# Optiplex 320 dual video cards issue



## Jim25 (Apr 28, 2009)

I’m run a dell optiplex 320 with 2G of ram XP SP3. I have installed ATI 3D RAGE IIC PCI, trying to get dual monitor with using the on board video card. I’m getting a “this device cannot start. (Code 10)” on the ATI 3D RAGE IIC PCI. I have updated the bois and change to auto for primary video card. It which to the ATI 3D RAGE IIC PCI and works but then the on board video card (ATI RADEON XPRESS 200 Series) gets the “this device cannot start. (Code 10)”. I have unstalled both video cards and reinstall and same issue. I have all the driver update to most current version. Any ideas I’m game.


----------



## Pauldo (Jun 22, 2008)

Boy that is one old card :grin:.

My only thought on this was that the drivers on that 3D rage are just too old. It should work in theory.

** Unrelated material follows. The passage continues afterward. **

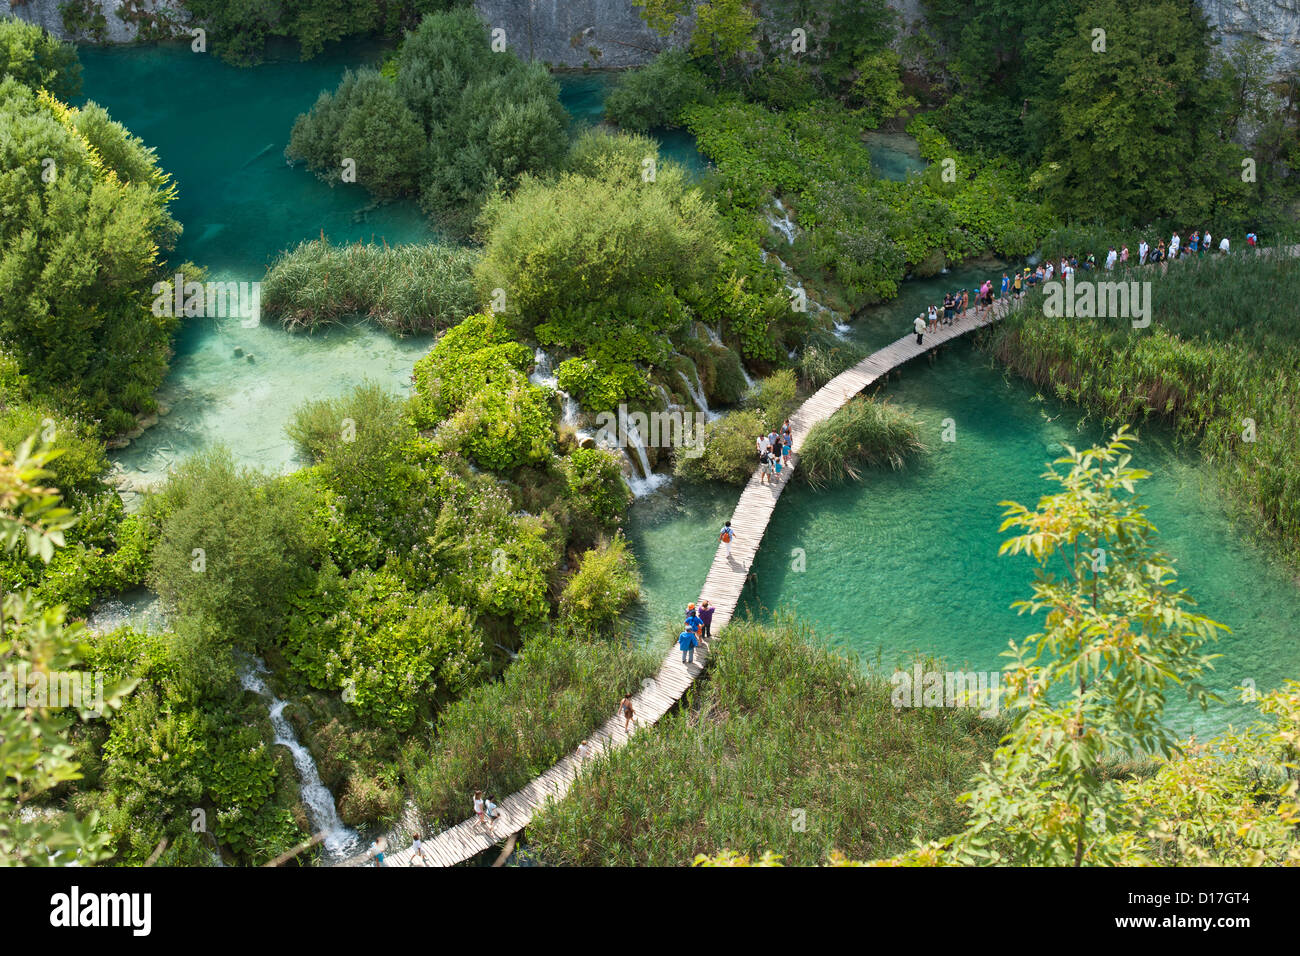 Les touristes à marcher le long des allées en bois dans le parc national des Lacs de Plitvice en Croatie. Banque D'Images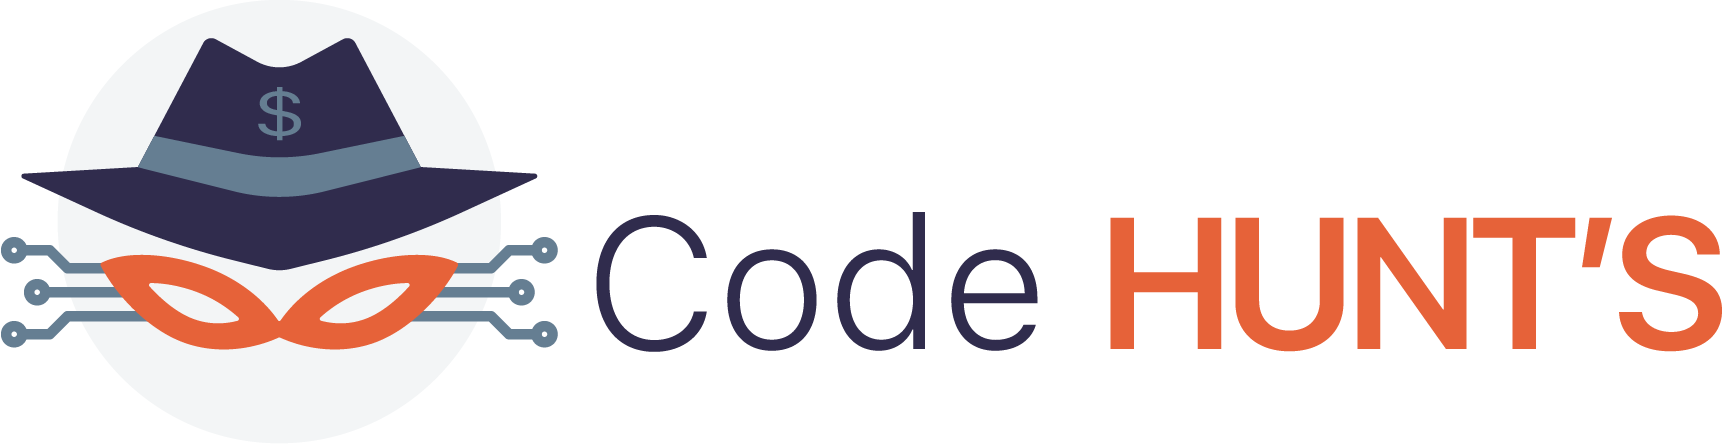 code hunts logo

What happens when you don't install ati drivers for the Rage and let windows do it? I know that is not the best scenario but if it works with windows drivers than it's just a matter of finding the right drivers.

Pauldo


----------



## Riskyone101 (Oct 22, 2008)

Hello,

Yes I have a suggestion here: Start over

Do you have the correct chipset installed?
First lets make sure you have the correct drivers for the pc.
Go here and dwonload them:

Chipset driver:
http://support.dell.com/support/dow...temID=PLX_PNT_320&os=WW1&osl=en&catid=&impid=

On board graphics driver:
http://support.amd.com/us/gpudownlo...x?type=2.7&product=2.7.5.3.4.3.1&lang=English

For addin pci video card:
http://support.amd.com/us/gpudownload/Pages/radeon-prer300-xp.aspx

1. Remove software and driver (addin video card) in add/remove (control panel), temp folders.
2. Remove software and driver folders Under documents and settings, all users and (your name) 
3. Remove the folder in C:\program files
4. Turn off pc
5. Remove the video card
6. Boot pc up
7. Recheck add/remove, document and settings, C:\program files and see that the folders are gone.
8. Check device manager: start > run > type: compmgmt.msc, open display tab
Is the correct driver here for the integrated video? If yes, then proceed.
9. Turn off pc
10. Install the video card
11. boot pc up
12. once at the desktop, Did a new found hardware popup box appear? If yes, proceed
13. Cancel the popup box, and run the installer for the video card (driver and software cd or .exe file you downloaded, after installation is successful, REBOOT PC..
14. Once at the desktop, check device manager, open display tab, Is the device showing here? If yes,
15. Go to control panel, display, settings tab, Do you see a picture of 2 displays here?
16. congratulations!...now go and configure them how you like.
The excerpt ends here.